__GOAL OF THE EXERCISE__
Exactly the lines from the one containing "提包 DIOBSMKXBCKZZZZZ00 预定商品1-3周发货" through the final line of the data below, with pictures omitted, make up the answer.

__COLLECTED DATA__

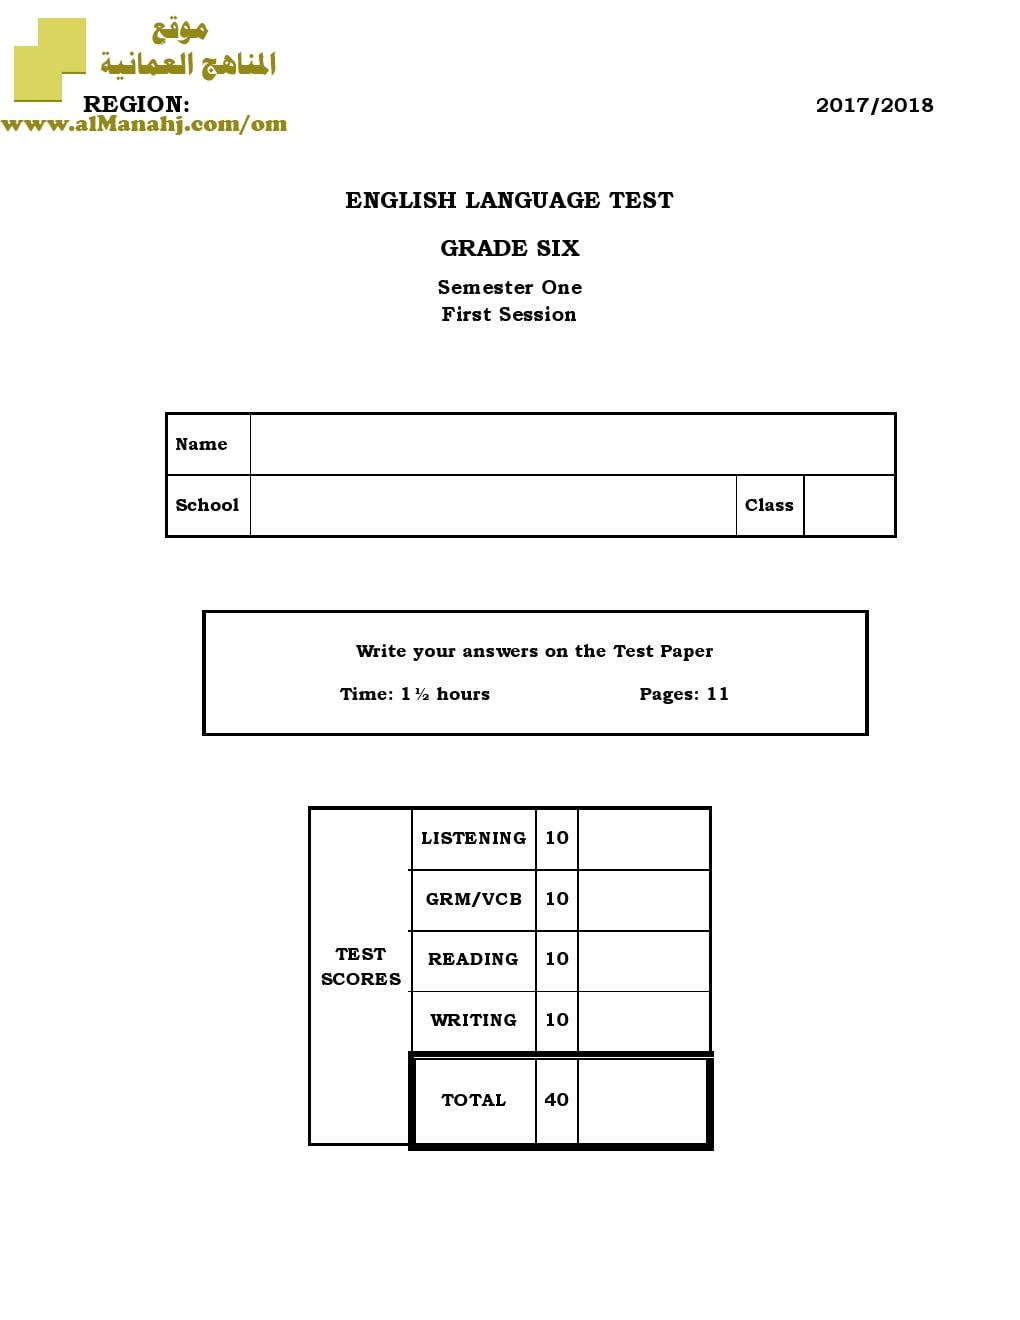 أسئلة وإجابة الامتحان الرسمي للفصل الدراسي الأول الدور الأول والثاني (لغة انجليزية) السادس
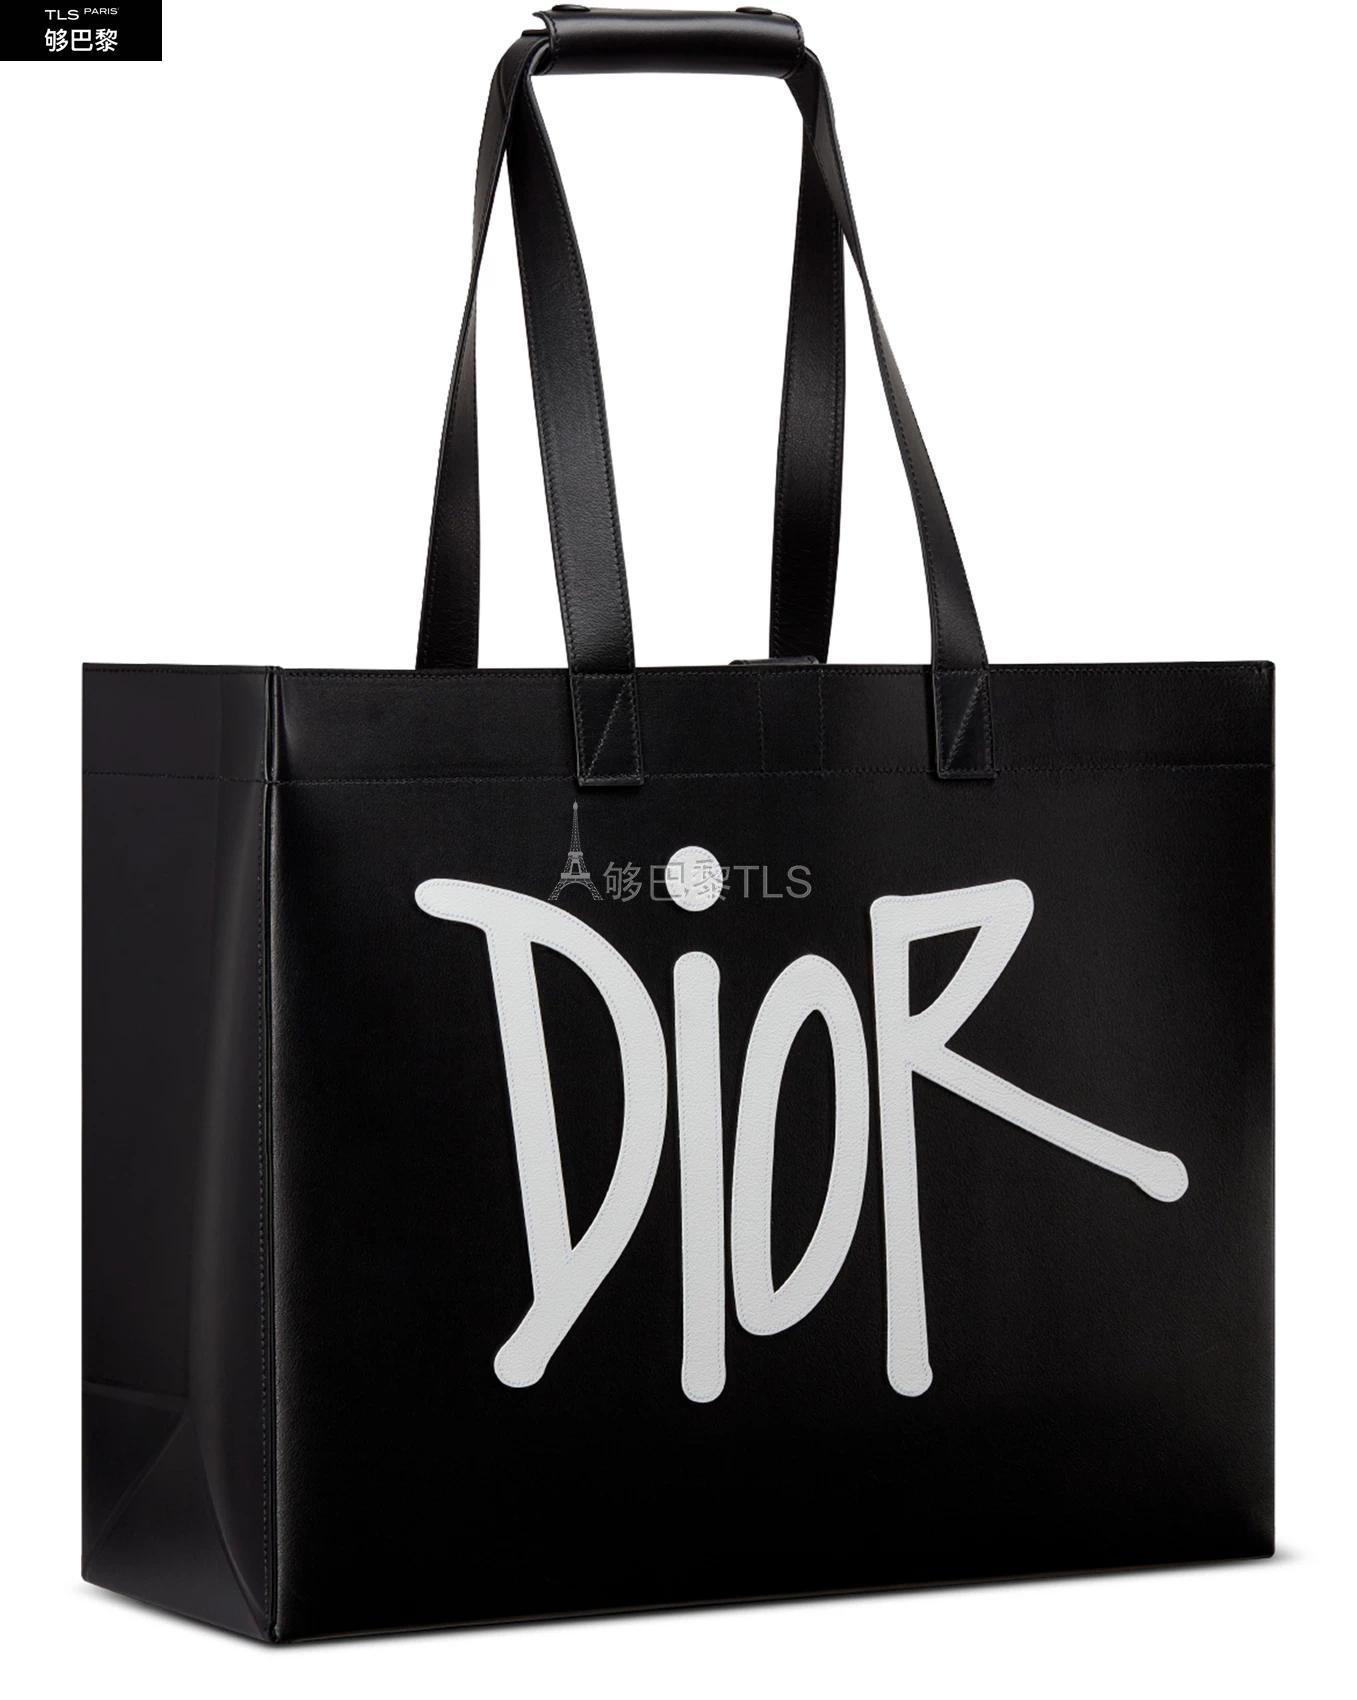 【包邮包税】 DIOR迪奥 21年春夏 男士 手提包 D-Dior DIOR AND SHAWN 提包 DIOBSMKXBCKZZZZZ00 预定商品1-3周发货
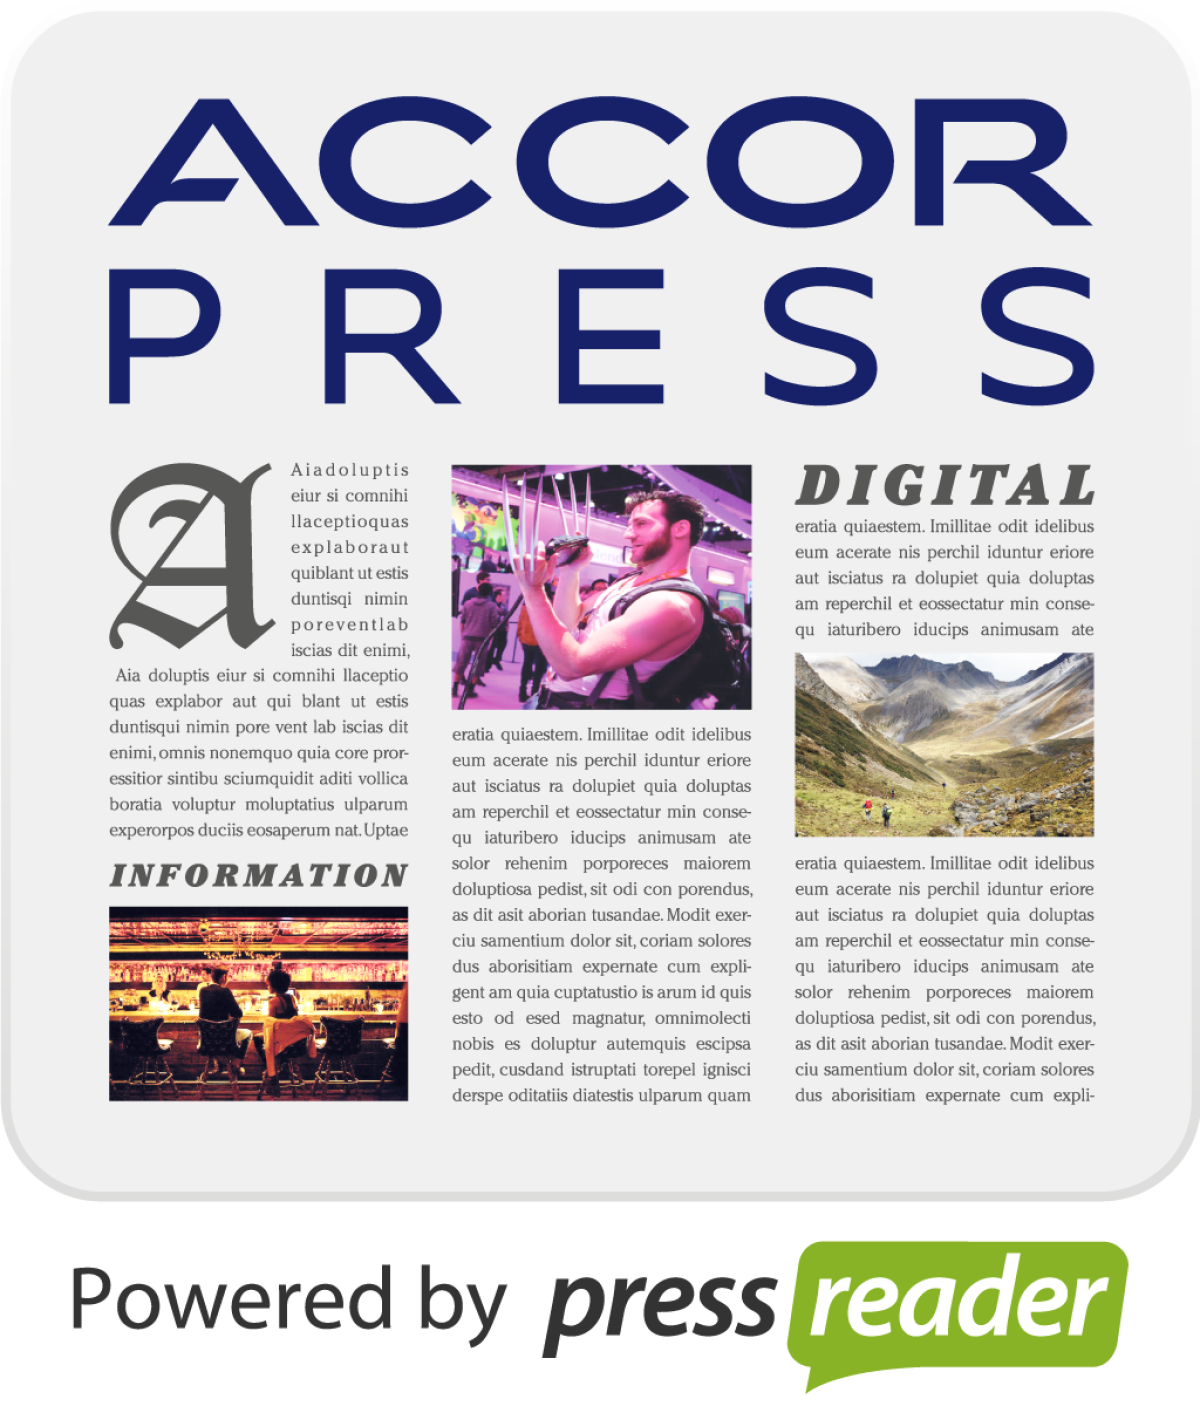 Dostęp do darmowej prasy z Accor Press

__ANSWER BELOW__
 【包邮包税】 DIOR迪奥 21年春夏 男士 手提包 D-Dior DIOR AND SHAWN 提包 DIOBSMKXBCKZZZZZ00 预定商品1-3周发货
 Dostęp do darmowej prasy z Accor Press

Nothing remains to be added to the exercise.